**REQUIRED ACTION**
Reproduce the whole listing word for word. Leave every image out.
(DATA PROVIDED Opens)
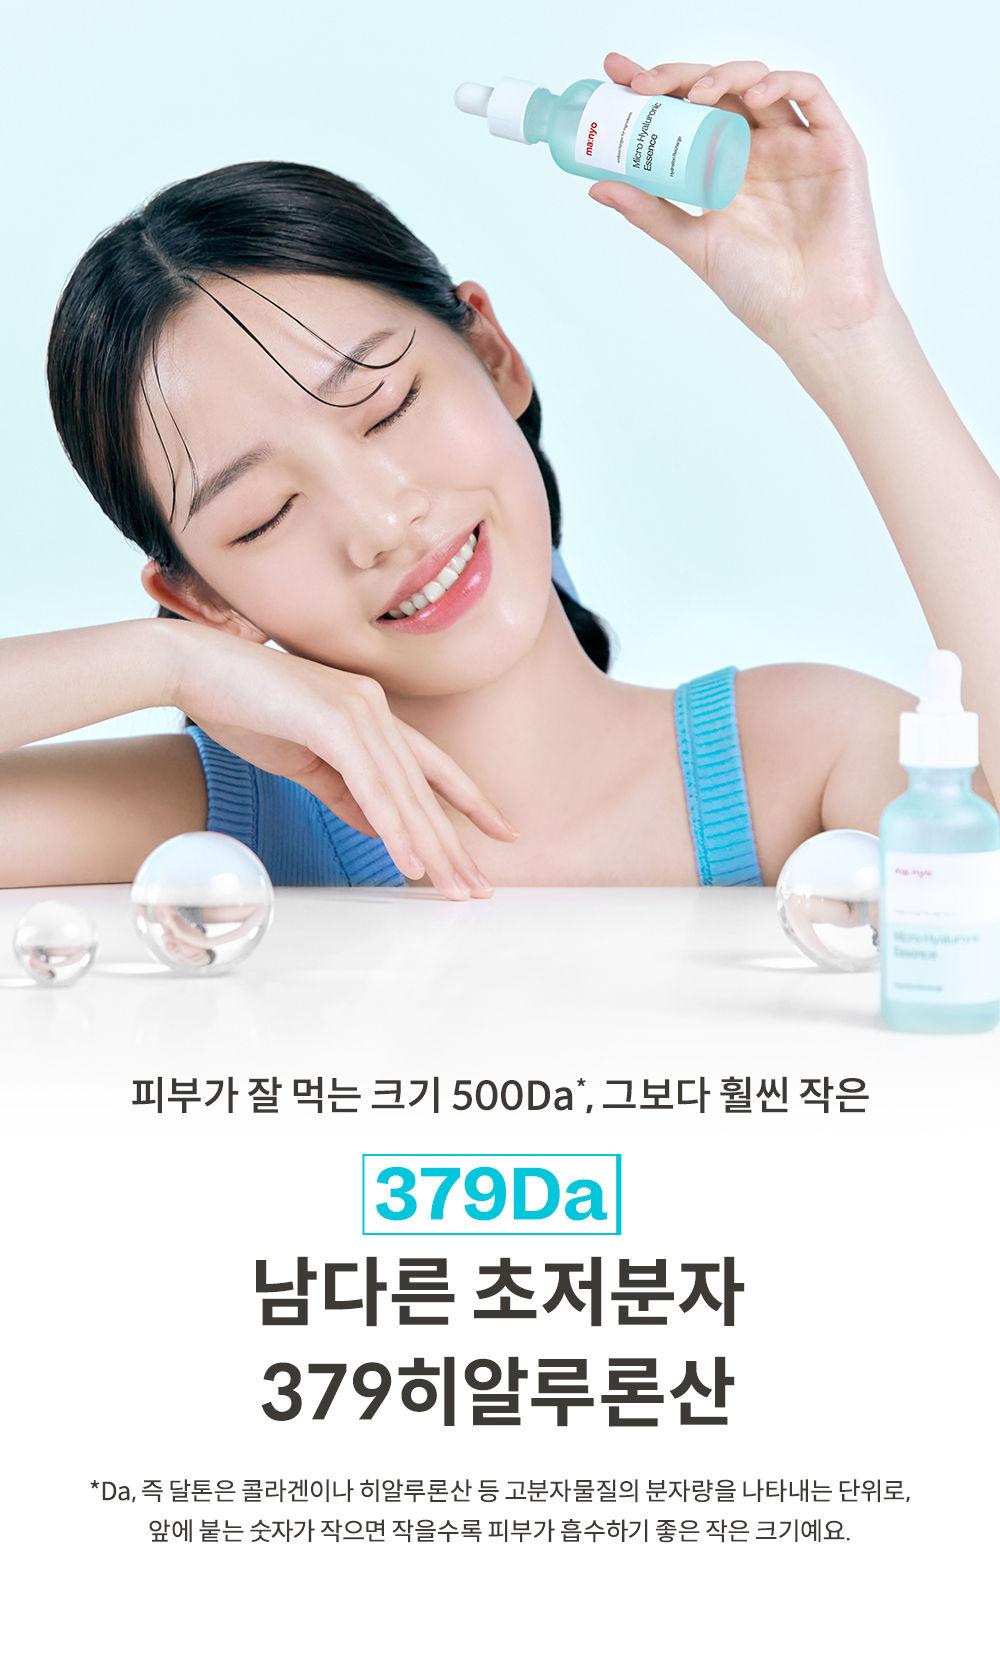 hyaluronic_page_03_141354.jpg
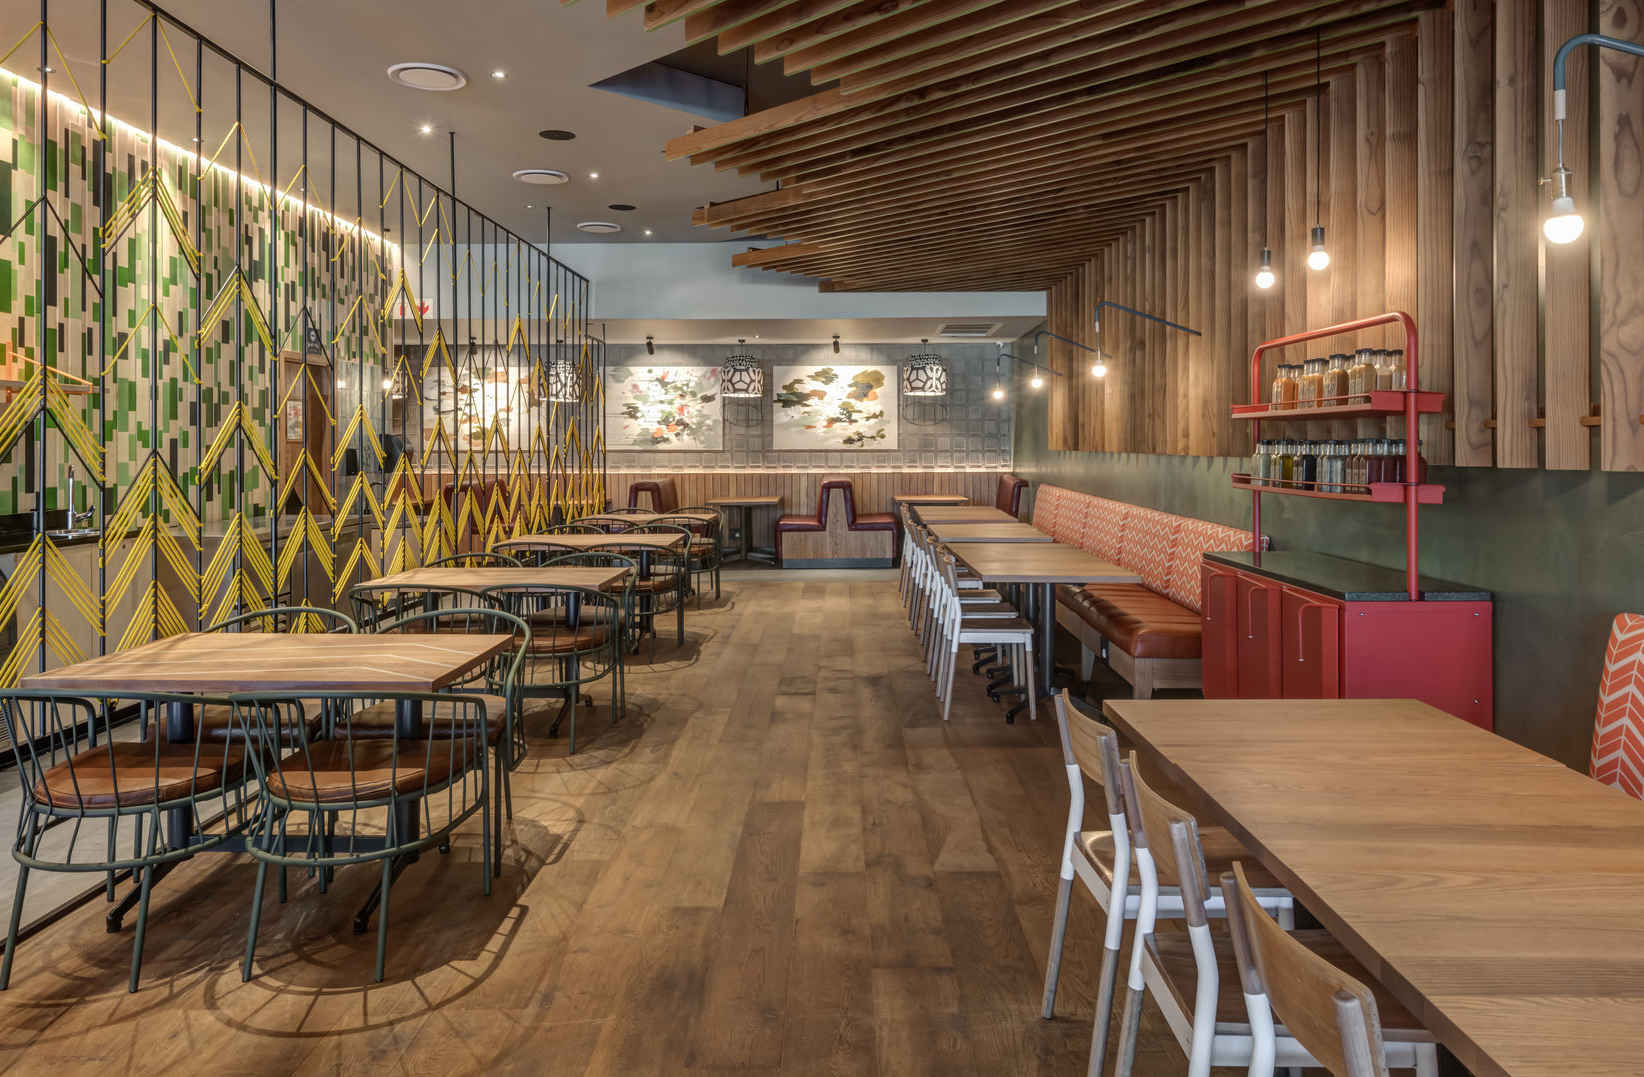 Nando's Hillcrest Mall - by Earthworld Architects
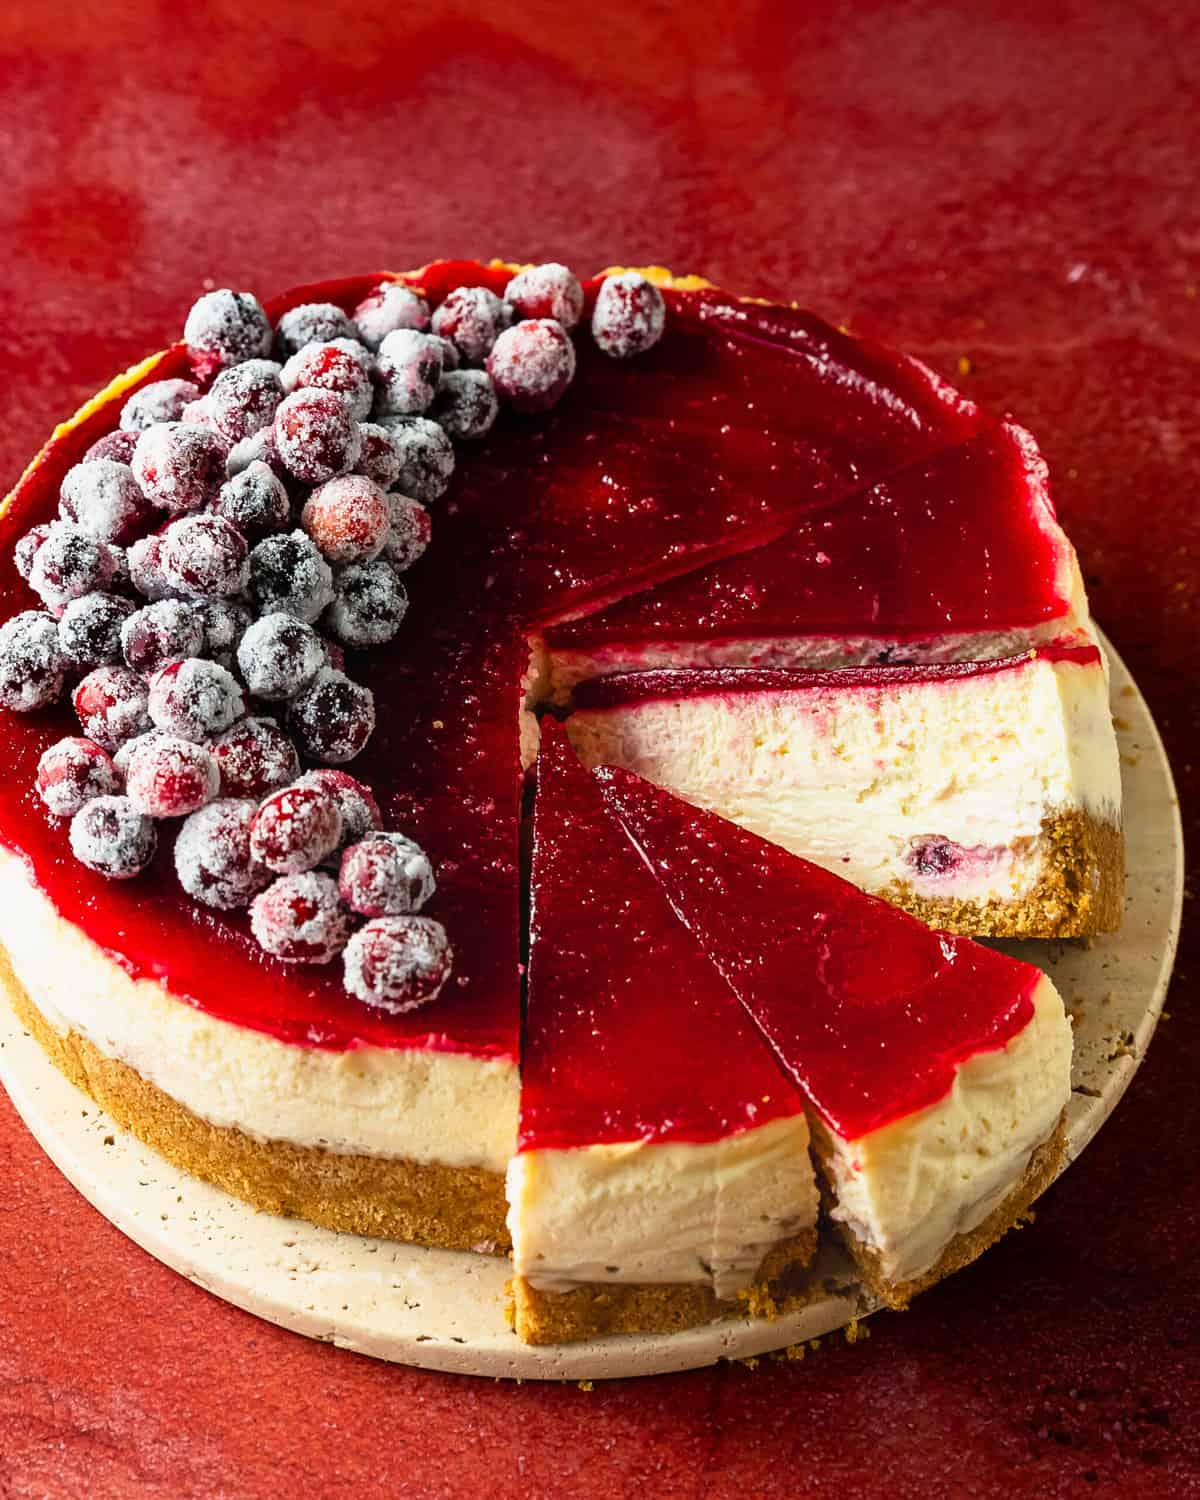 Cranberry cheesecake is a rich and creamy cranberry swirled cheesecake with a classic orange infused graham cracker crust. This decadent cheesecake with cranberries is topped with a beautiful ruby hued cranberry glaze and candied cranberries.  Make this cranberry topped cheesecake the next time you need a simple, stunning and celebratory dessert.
(DATA PROVIDED Closes)
**YOUR RESPONSE**
 hyaluronic_page_03_141354.jpg
 Nando's Hillcrest Mall - by Earthworld Architects
 Cranberry cheesecake is a rich and creamy cranberry swirled cheesecake with a classic orange infused graham cracker crust. This decadent cheesecake with cranberries is topped with a beautiful ruby hued cranberry glaze and candied cranberries.  Make this cranberry topped cheesecake the next time you need a simple, stunning and celebratory dessert.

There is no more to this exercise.